How-To use CRC32 checksums
You want to detect whether data has been corrupted? Good old CRC32 to the rescue!
Basics
CRC32 calculates a 32 bit checksum over data; if a bit gets flipped in the data, you get a different checksum. Of course, this is not cryptographically secure, and collisions do occur – but it’s rare enough that as a checksum, CRC32 remains useful.
We define two types:
liberate::checksum::crc32_checksum
is platform dependent in size, but at least 32 bits long. It’s an alias forstd::uint_fast_32t
and should be used for calculating sums.liberate::checksum::crc32_serialize
on the other hand is a 32-bit type that you can assign your calculated value to, and serialize it as only four bytes.

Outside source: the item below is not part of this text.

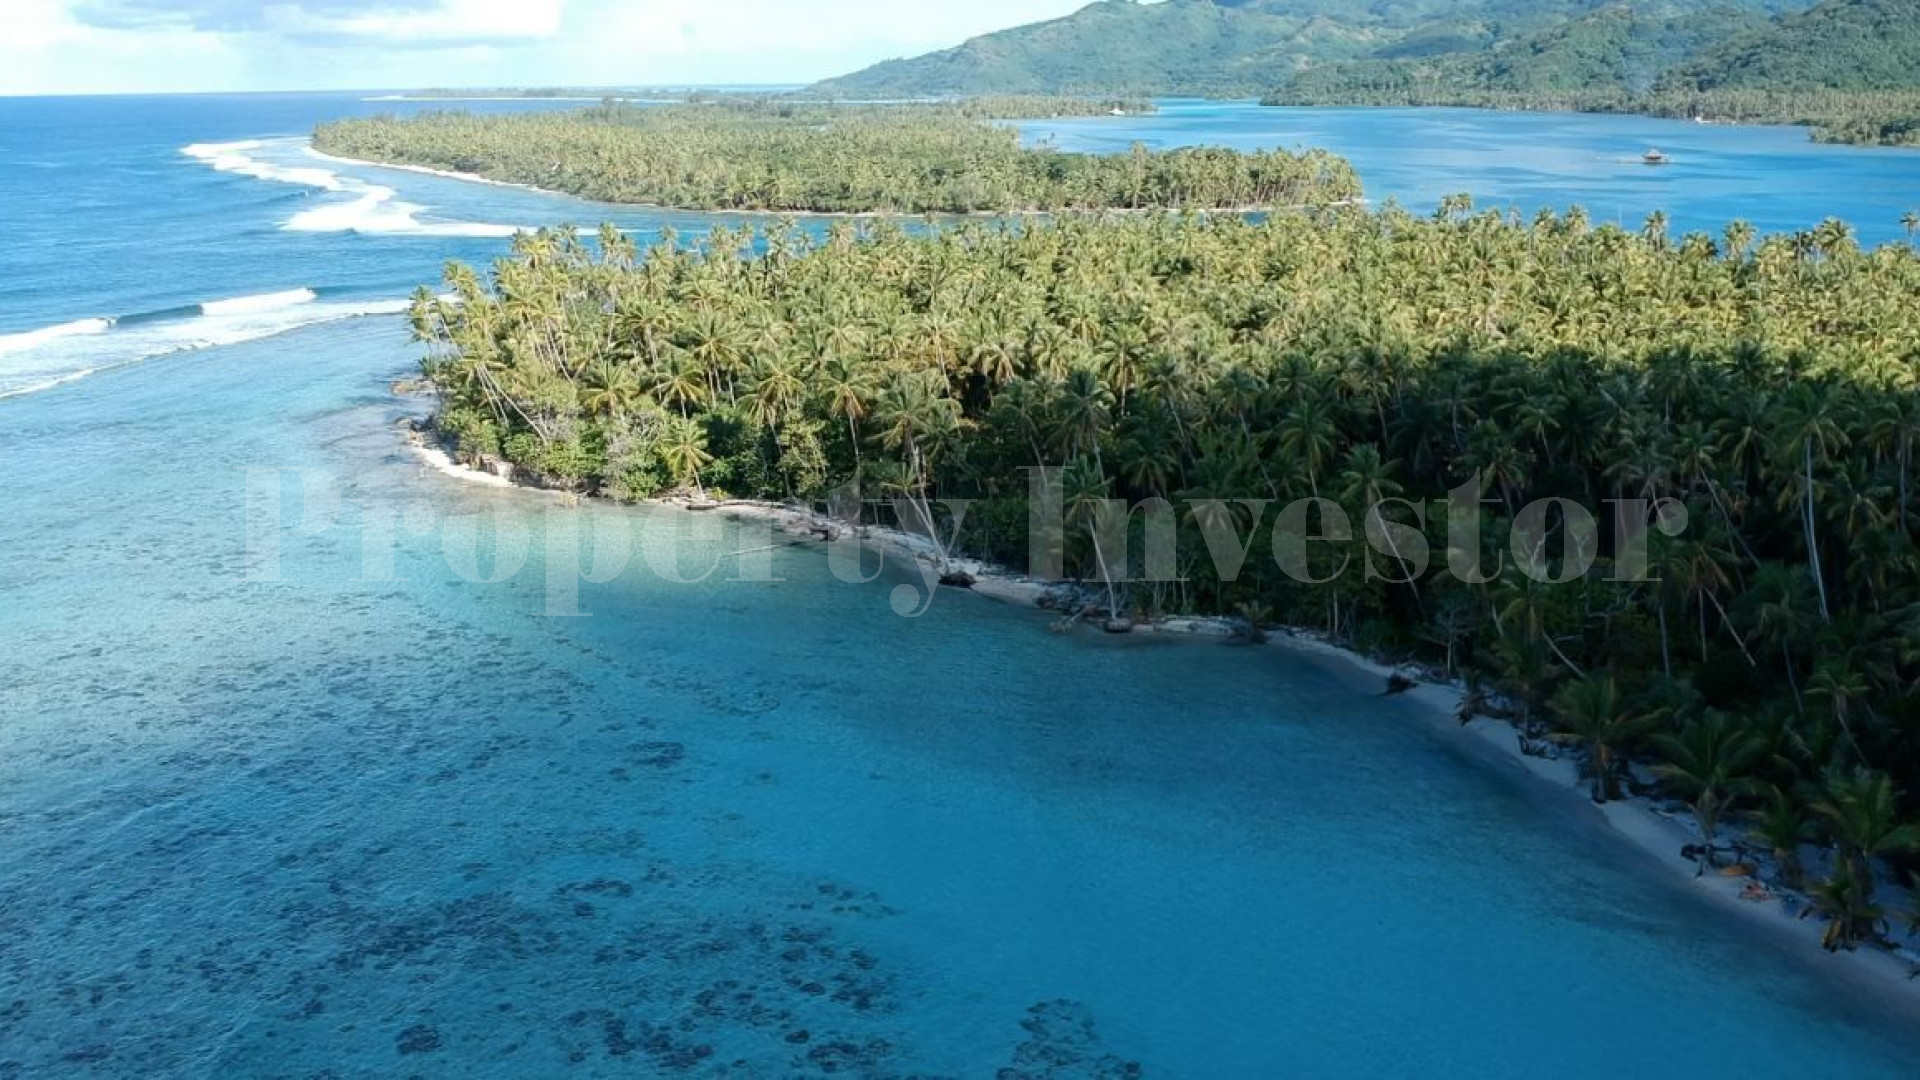 Продается частный остров 16,6 га в идеальном месте для развития в Хуахине, Французская Полинезия

1#include <liberate/liberate/checksum.h>
2
3using namespace liberate::checksum;
4
5char buf1[] = { /* something */ };
6std::vector<char> buf2; // Initialize with something
7
8auto sum1 = crc32(buf1, buf1 + sizeof(buf1));
9auto sum2 = crc32(buf2.begin(), buf2.end());
You just apply the liberate::checksum::crc32()
function to some
range, and it calculates the sum. The only constraint is that the range’s
value type is some 8 bit integer type.
Note
As an implementation detail, the entire CRC32 lookup table is calculated
at compile time as a constexpr
value, meaning calculation of CRC32
checksums should yield about as compact code as you can get without dipping
into assembly.
No, there are no benchmarks. But if you run tests, let us know!
Polynomials
So now you have a CRC32 checksum. Ahh, but which CRC32?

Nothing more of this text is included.